Oskaloosa, Iowa 52577

I think you are probably right about a lot of people not needing/wanting an audit........

Seems to me....but maybe I am a little more sensitive to these things since it is what I primarily do......that there are more old wives' tales with respect to income taxes then any other area.

No reason for that to exist anymore with google and the internet-------- just google the question, and the right answer will likely jump out............but that assumes people want to read and understand the actual rule, as compared to what they FEEL the rule should say.

And.......the p-poor level of preparers, aka "tax people", out there just boggles my cork.

I get the periodic sanctions list from the IRS Office of Professional Responsibility------ and the crap that "preparers" do, and get sanctioned for, is amazing.

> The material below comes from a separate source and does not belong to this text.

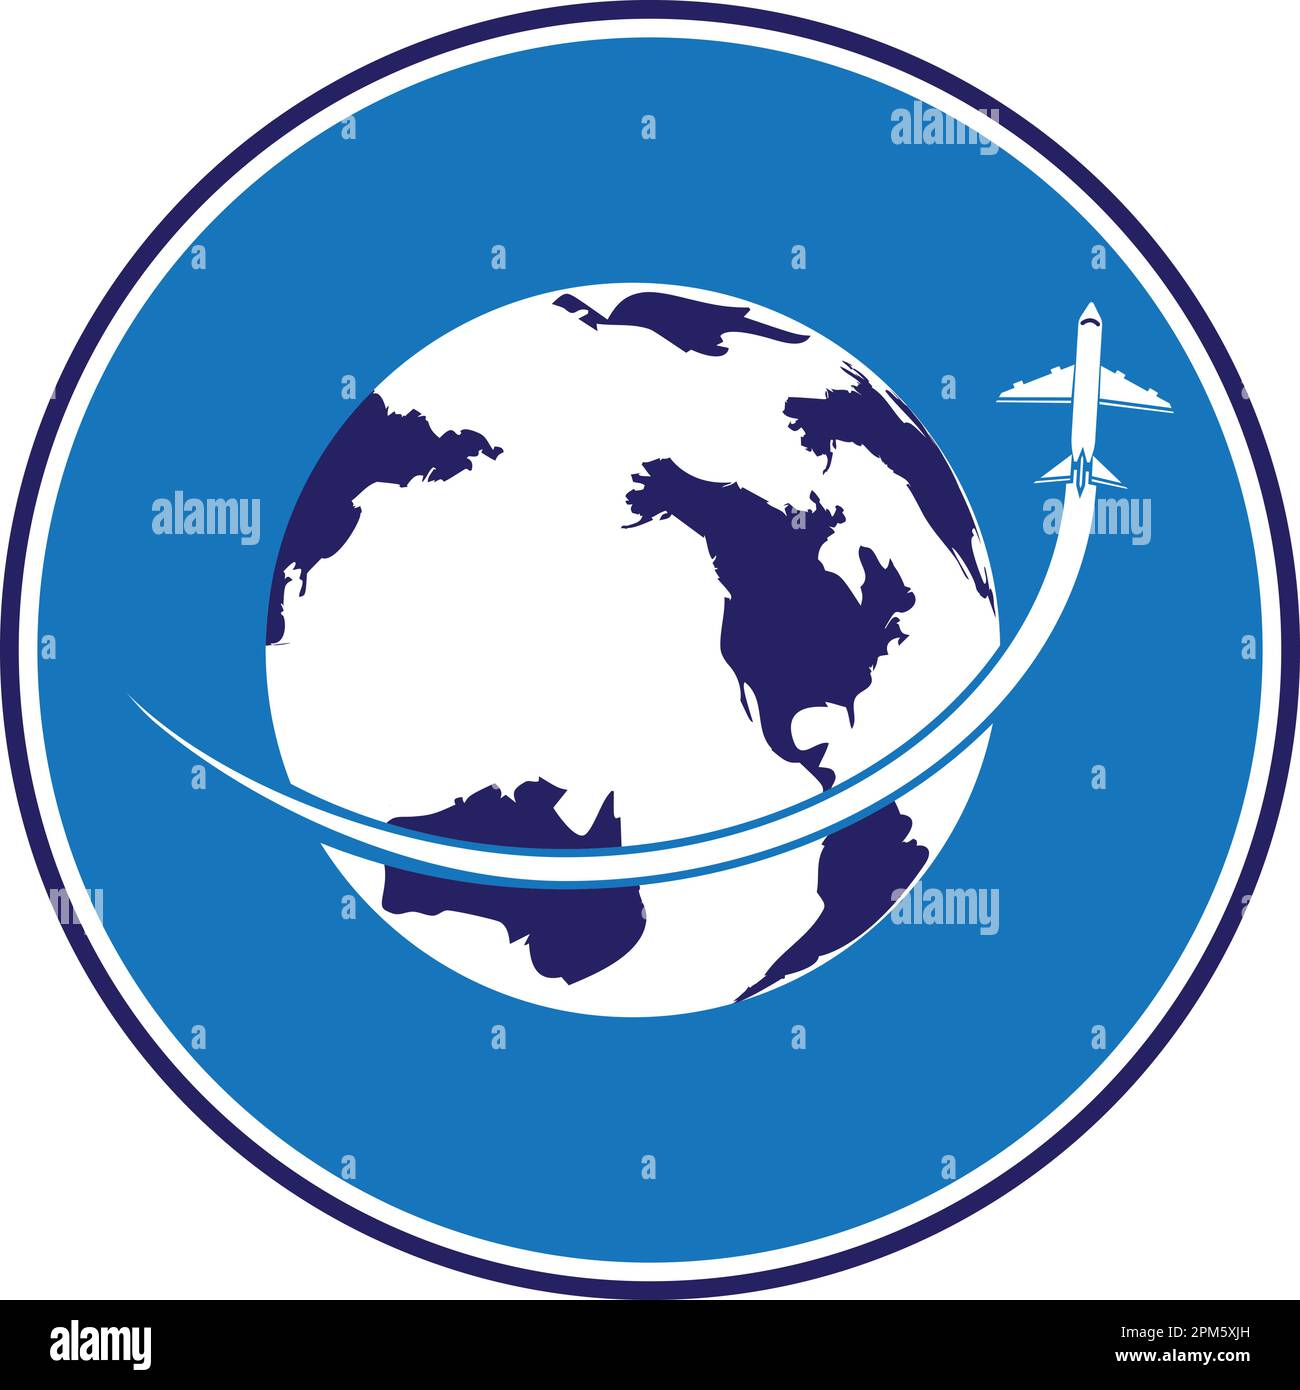 Vorlage für das Vektorlogo von Reisebüros. Weihnachtslogo Vorlage Globe Travel Logo Vektordesign. Stock Vektor

There was a big uproar in the "tax community" a while back because IRS was wanting every preparer to have to register, and put in a certain amount of continuing education hours each year, else they could not sign a return. 

Most did not want that............I did. 

I am required to get 40 hours a year to continue the CPA in practice license.........I choose to get all mine is taxation, whereas one can select many other non-tax areas--------- which is one reason I am not overly impressed when people indicate that "my CPA said it".  Lots of CPAs in the world, but only a small percentage live in the tax world.

All that BS said...............

In your situation, the bulletproof way to continue income over a long term, with the least tax consequences, is USUALLY the lease.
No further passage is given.